Governance gaps made things worse. Siloed teams built their own reporting stacks with conflicting KPI definitions and mismatched refresh cycles. By the time those numbers reached executive meetings, the disagreements about which version of the data was correct consumed more time than the decisions themselves.
And then came the hunger for more. As digital transformation with AI matured across enterprise functions, demand for near-real-time data grew faster than the infrastructure could handle. Age-old BI tools weren’t built for that pace. The backlog of unmet analytical needs kept widening, and the ROI from years of enterprise AI solutions investment remained stubbornly out of reach.
THE BRILLIO WAY – CRED Framework
Most enterprises don’t have a data problem. They have a decision-support problem dressed up as one. Thousands of reports, competing KPI definitions, and a 30% adoption rate on tools that cost hundreds of millions to deploy. The gap isn’t technological. It’s philosophical.
Brillio’s approach starts with a different question: not “what reports can we build?” but “what decisions does this person need to make, and what’s getting in the way?” Design thinking, applied to analytics, means the decision maker sits at the center of every transformation conversation. That shift alone changes everything about how an enterprise AI solution gets scoped and delivered.
The CRED framework gives that philosophy a rigorous, quantitative spine. By applying machine learning models to existing report usage logs, Brillio classifies the entire reporting portfolio along four axes: Consolidate, Retain, Eliminate, and Develop. One large enterprise customer entered this process with over 1,500 reports. Usage data told a clear story before any human conversation happened.
But data only takes you so far. Brillio’s discovery workshops layer in persona mapping to validate what the numbers suggest. Who is this dashboard actually for? What’s their technical maturity? Where do they consume insights, and how much time are they willing to spend finding them?
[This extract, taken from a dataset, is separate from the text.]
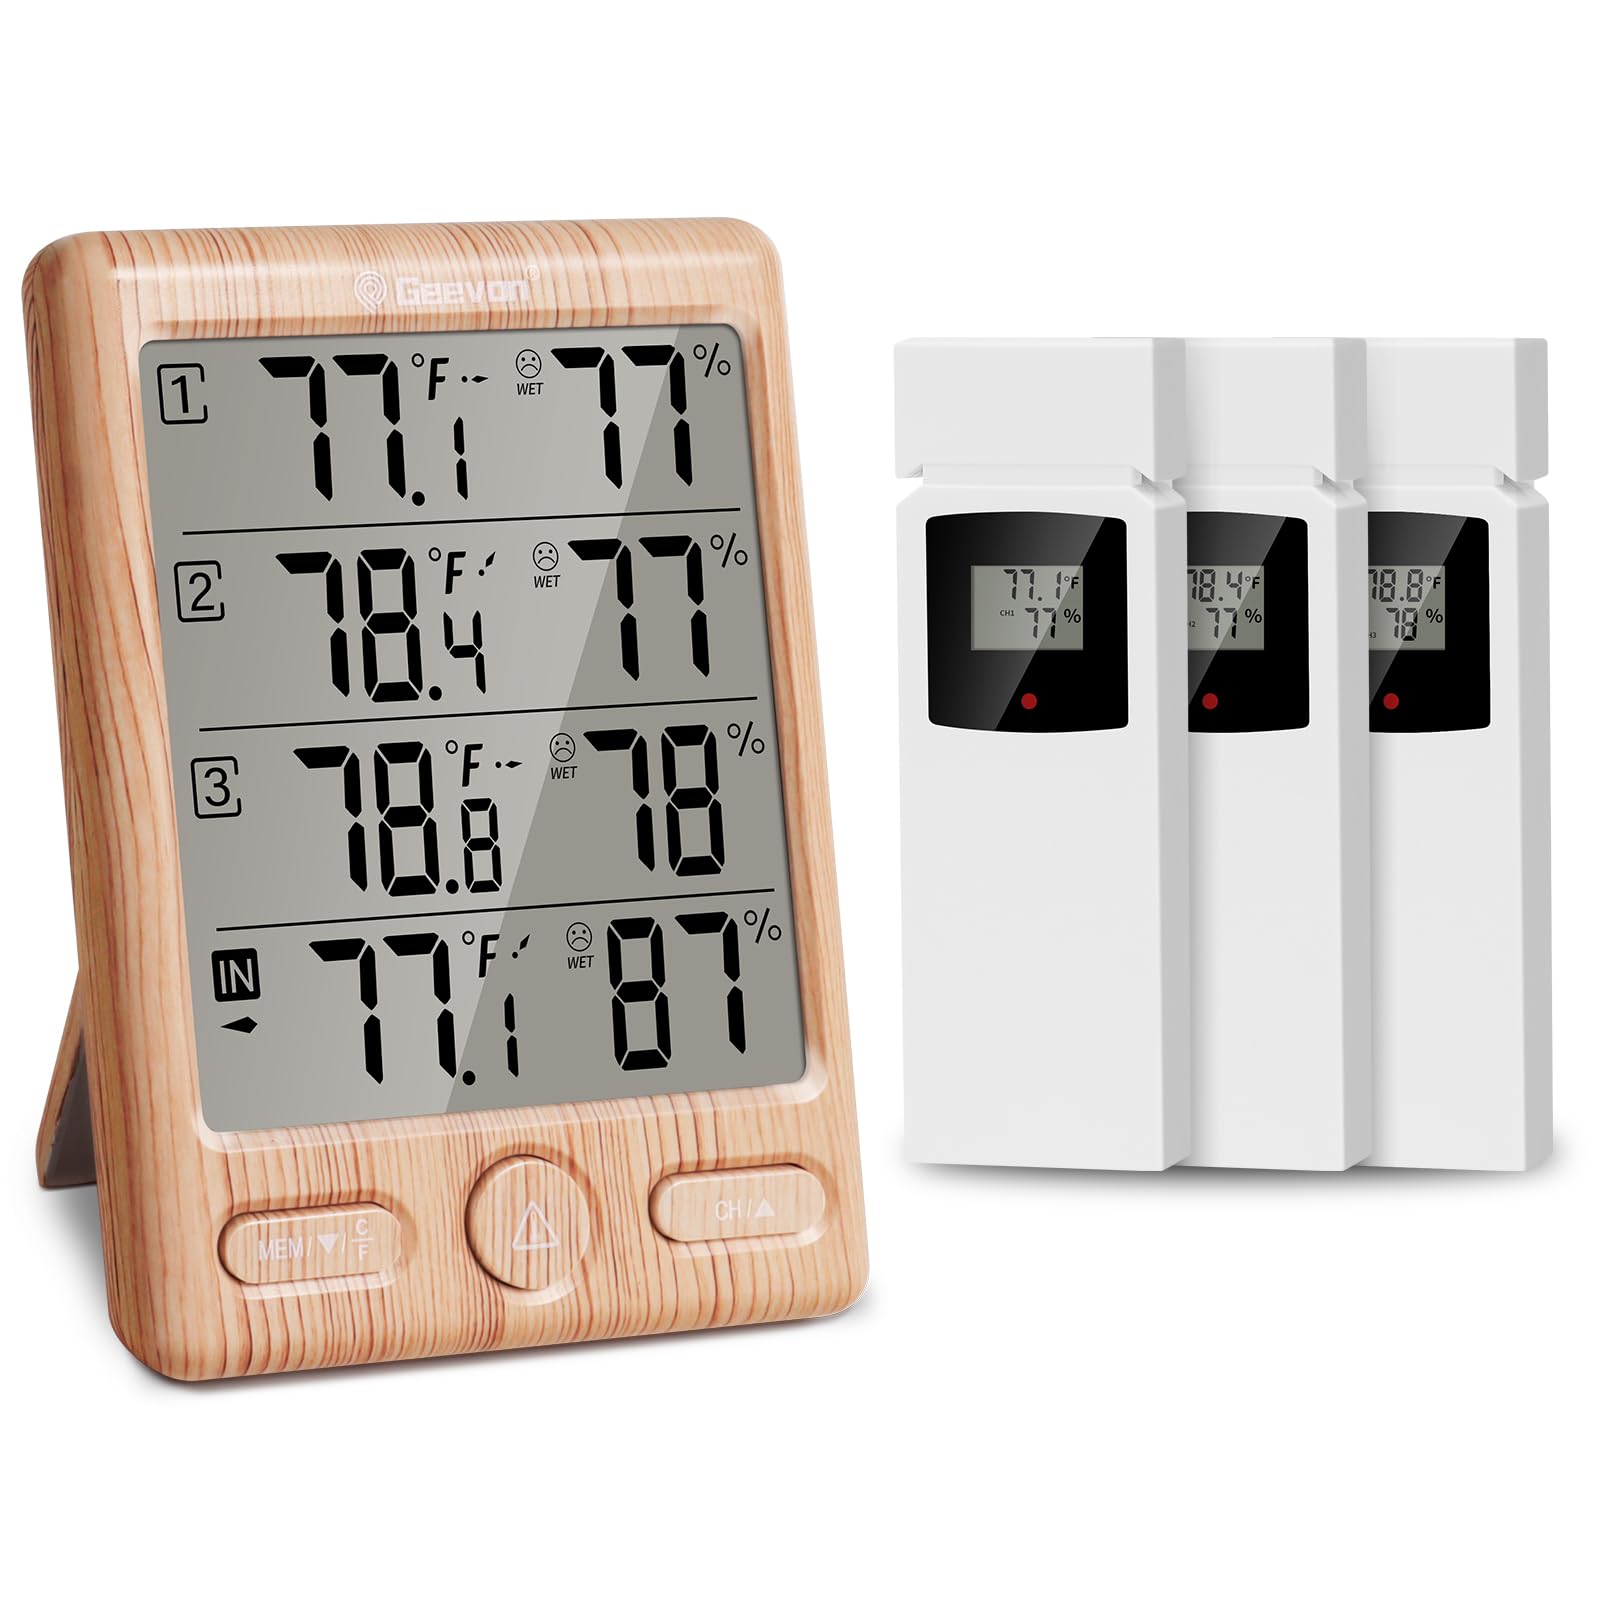 GEEVON 228646 Geevon Indoor Outdoor Thermometer Wireless with 3

Those answers shape not just what gets built, but how it gets presented. Actionable, low-friction, and designed for the person who has a meeting in 20 minutes. That’s the standard Brillio’s analytics digital transformation consulting practice holds itself to.
CRED framework to rationalize existing report portfolio with a quantitative approach
Most enterprises don’t have a reporting problem. They have a trust problem, disguised as a reporting problem. Thousands of dashboards, conflicting KPI definitions, and analysts spending more time reconciling numbers than generating insight, that’s the reality Brillio consistently encounters when beginning an AI digital transformation engagement.
The CRED framework is Brillio’s answer. Built on machine learning applied directly to report usage logs, it classifies every dashboard in an existing portfolio across four actions: Consolidate, Retain, Eliminate, and Develop. The logic is deliberate. Before any enterprise AI solutions or modern self-service tools enter the picture, the data has to tell you what’s actually being consumed, and what’s quietly costing bandwidth without delivering value.
Consumption frequency, user reach, and report similarity scores drive the initial classification. Reports with overlapping content and divergent KPI definitions are flagged for consolidation. Those with near-zero usage and no clear owner become elimination candidates. High-frequency reports serving distinct personas get retained as foundation assets. And genuine white-space, unmet analytical demand confirmed through discovery sessions, surfaces as development opportunities.
The quantitative output doesn’t operate in isolation. Brillio’s persona mapping workshops overlay behavioral and qualitative context onto every CRED recommendation, anchoring decisions in how different users actually consume insights rather than how IT assumed they would. One enterprise entered this process with 1,500-plus reports and a 30% active usage rate. The CRED analysis gave leadership a defensible, data-backed path to a portfolio their teams could navigate, trust, and build on, without starting from scratch.
Sustainability pillars
Getting the CRED framework right is one thing. Keeping it right is another problem entirely. Most enterprise analytics programs collapse not because the initial transformation failed, but because no one built the infrastructure to sustain it. New data sources appear. Business processes shift. KPI definitions drift. And before long, you’re back to spaghetti.
Three pillars hold the model together over time. Continuous change management ensures that every stakeholder, from the executive sponsor to the frontline analyst, understands what a KPI means, how it’s calculated, and why it matters. That shared understanding is what prevents the duplication and conflicting versions of truth that derail even well-resourced digital transformation consulting programs.
Shifting the analytics focus from lagging indicators to leading ones is the second pillar. Predictive insights draw more users in. They create advocates, not just consumers, and those advocates actively resist the siloed behaviors that cause report proliferation in the first place. Enterprise AI solutions, including generative AI capabilities now embedded in modern BI platforms, make this shift more achievable than ever.
Teaching users to self-serve is the third, and arguably the most durable, of all. When analysts spend less time building canned reports and more time generating actual insight, the entire analytics culture changes. Self-serve capabilities compound over time. Each new user who can navigate and interrogate data independently reduces the demand burden on central teams and raises the organization’s collective data literacy. That’s what a sustainable analytics ecosystem looks like in practice.